Mary looked at him. “No,” she said. “He couldn’t help it.”
She was clever. She knew perfectly well what he was getting at. Broussard himself understood revenge. He understood what an adult’s selfishness and a failure to nurture could do to a child. Narcissism was a failure to nurture. Even though the child was involved, the seduction was for the narcissist; the child received none of the incestuous parent’s affection. It was all inner-directed, and the child was little more than a rubber tube in a monkey’s cage. A thing to be used. Broussard remembered his mother’s embrace, the soft depths of her breasts, the nylon between them, and her saying to him that he was the prettiest little girl she had ever held and then how he would touch her and she would lay her head back and let him do what he wanted.
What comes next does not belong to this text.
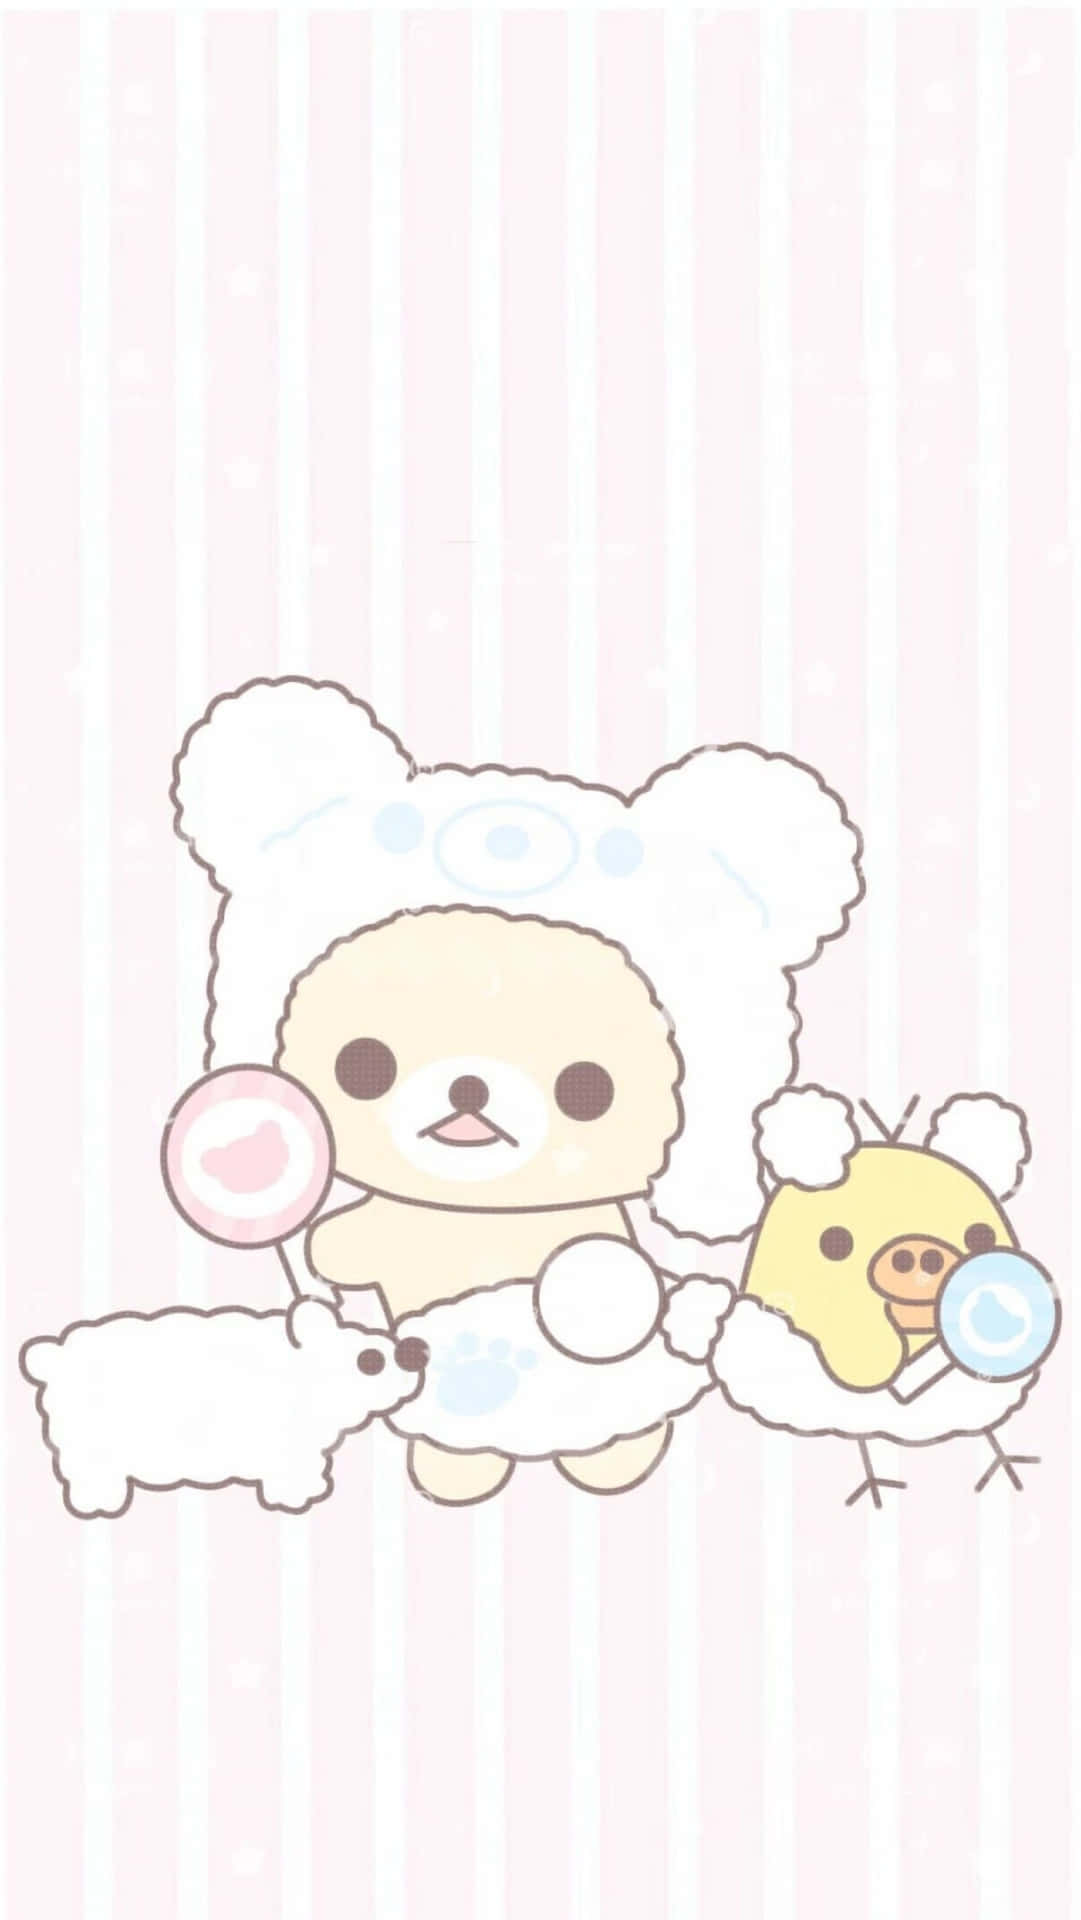 Get That Last Bit of Relaxation with Cute Rilakkuma Wallpaper

It all had been for her. And she had never gotten enough. He never had been able to do enough for her, no matter how greedily he satisfied his own priapic curiosity.
58
“I
don’t know that much about them,” Palma shouted against the traffic as she turned her back to the afternoon sun coming in through the phone booth glass glazed with dirt and oxidized smog. She had stopped at the first pay phone she could find after she and Grant left Alice Jackson’s house, which meant they had driven only a few blocks and were still deep in the environs of the Third Ward, working their way back under the expressways toward Montrose. She was talking to Leeland.
“We just know he cross-dresses and wears several different styles of blond wigs. The main thing right now is to find out if the unidentified strands found at Samenov’s were wig hairs. I do know that most expensive wigs are made of real human hair. Some of it comes from Indonesia, usually Korea, and some of it comes from Europe. The Korean hair has coarser strands and is less expensive than the European hair, which is a finer texture. Both kinds are often bleached and redyed. But when natural hair color is wanted it has to be European, since Indonesian is only black. Both kinds are used to make blond wigs.”